Despite fears about the rise of robots and other job-destroying technologies, the industry sector continued to bounce back sharply in the third quarter of the year, adding more than 4,000 net jobs in just three months.

That brought headcount back above the quarter of a million mark for the first time since 2009. Since the bottom was hit in the jobs market, more than 20,000 net job gains have been made in industry. The departure of the Web Summit gave cause to dig a little deeper into the IT jobs numbers. Unsurprisingly, given its customer base being mostly international, the tech sector was among those least affected by the collapse in domestic demand from 2008.

But for all the talk about the growth potential in that industry, it still employs relatively few, accounting for just 4pc of total employment in the economy.
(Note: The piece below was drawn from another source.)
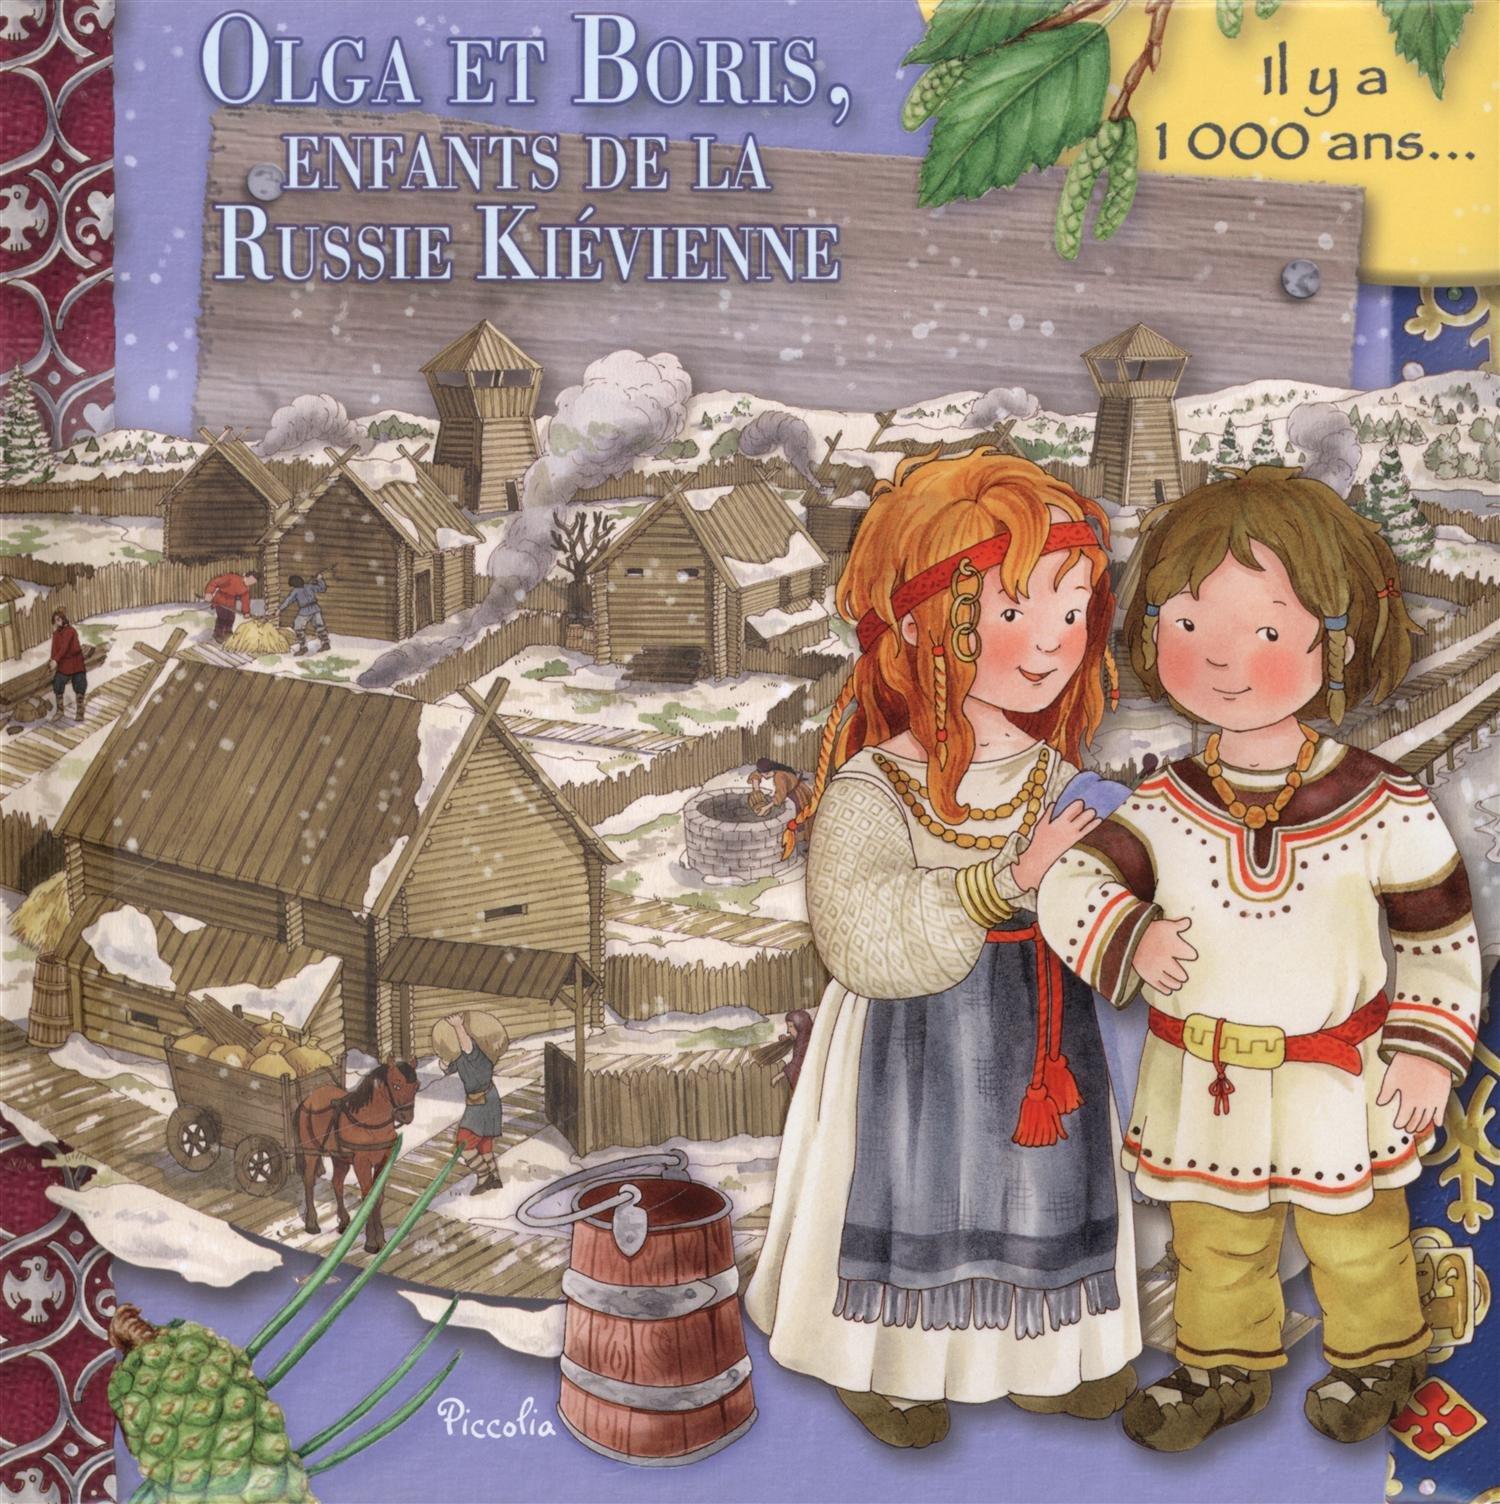 Olga et Boris, enfants de la Russie Kiévienne Relié – 1 novembre 2013 Piccolia 2753027196 Documentaires jeunesse Histoire dès 6 ans

Nor has it been particularly fast growing when it comes to jobs. Over a full decade it has added fewer than 20,000 net new jobs.

Yet another slight surprise was the number of foreigners employed in the sector.

Although one might think when trying to get a table in a restaurant anywhere near "silicon docks" that young continentals dominate the industry, there were in fact fewer than 18,000 non-nationals employed in the sector as of the third quarter (or around one in five).

Despite the highly internationalised nature of sales-driven functions of the industry located here - which can often require mother tongue language skill levels - it is noteworthy that the share of foreign workers is not all that much higher than in the overall population.

A final related point is also worth noting. In the third quarter, the year-on-year growth rate in non-national employment accelerated strongly, to 6pc (this breakdown is not seasonally adjusted). That was well over twice the rate of growth (2.4pc) of employment growth among Irish workers.

This could suggest that foreign workers are beginning to come here in larger numbers to take up available opportunities.

During the long expansion up to 2008, too little was done to facilitate, coax and nudge Irish adults who were not working to take the copious opportunities that then existed.

The structure of the welfare/jobseeker system has improved in that regard, but it is only as the labour market tightens that the effects will become clear. It is an issue worth keeping a close eye on.